«A nemmeno 24 ore dall’accoltellamento del collega della Polizia di Stato finito in terapia intensiva dove lotta tra la vita e la morte, un altro collega della Polfer è finito sotto il mirino di un 36enne egiziano che utilizzava un pezzo di marmo contundente facendolo roteare e si è visto costretto a sparare per difendersi. Risultato? Indagato per lesioni dolose pluriaggravate. Mentre i medici del Niguarda tentano di strappare alla morte il collega Christian Di Martino, un magistrato porta alla sbarra un altro collega “colpevole” di aver difeso la propria vita».
È il duro commento di Ilario Castello, segretario nazionale del Nuovo Sindacato Carabinieri (NSC).
«Non solo siamo male equipaggiati da un punto di vista logistico, ma abbiamo anche un impianto normativo inefficace che indaga facilmente i servitori dello Stato e rimette in libertà in tempo record i criminali che attentano alla nostra vita.

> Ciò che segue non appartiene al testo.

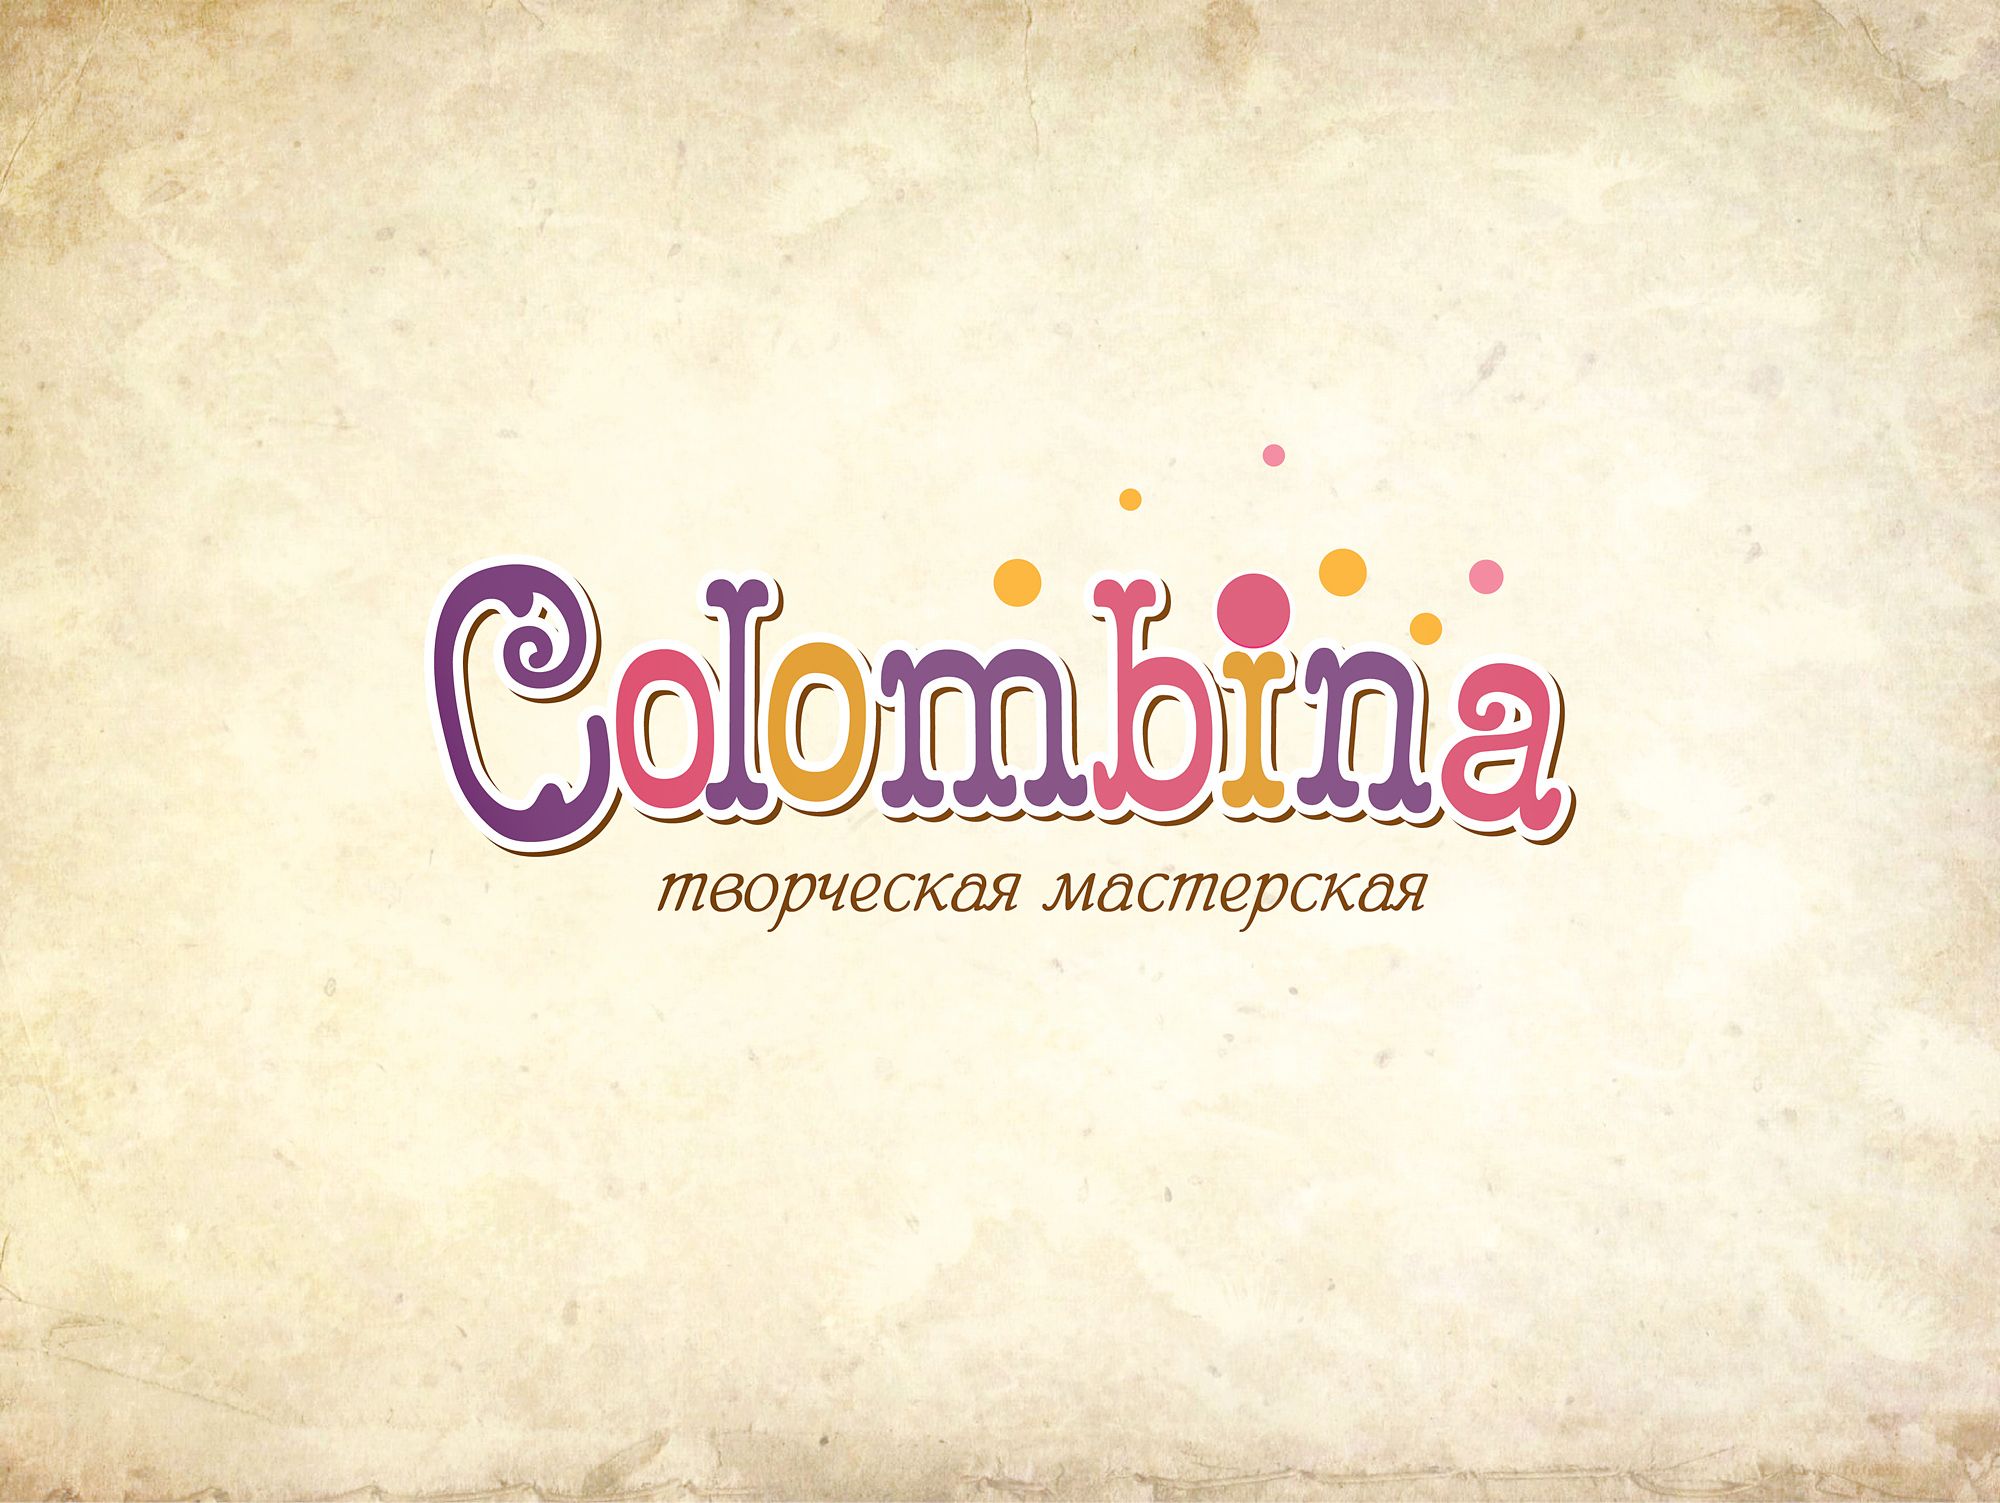 Логотип для Творческая мастерская Colombina - дизайнер kokker

Non crediamo – continua – alla storia dell’atto dovuto. Un vero atto dovuto nei confronti di uomini e donne che quotidianamente rischiano la propria vita, sarebbe metterli in condizione di operare senza dover scegliere in caso di pericolo, se morire in ospedale o, considerati i tempi della giustizia, in tribunale. L’Arma dei Carabinieri ha già pagato il suo tributo di sangue con il vice brigadiere Mario Cerciello Rega in una circostanza analoga a quella che ha visto coinvolto il collega Di Martino. Il vero atto dovuto – conclude – deve essere quello messo in campo da politica e governo che devono equiparare uomini e donne del comparto sicurezza e difesa a tutti gli altri lavoratori secondo le norme dell’81/08, con l’utilizzo di DPI per i Servitori dello Stato e strumenti idonei a preservare la loro incolumità».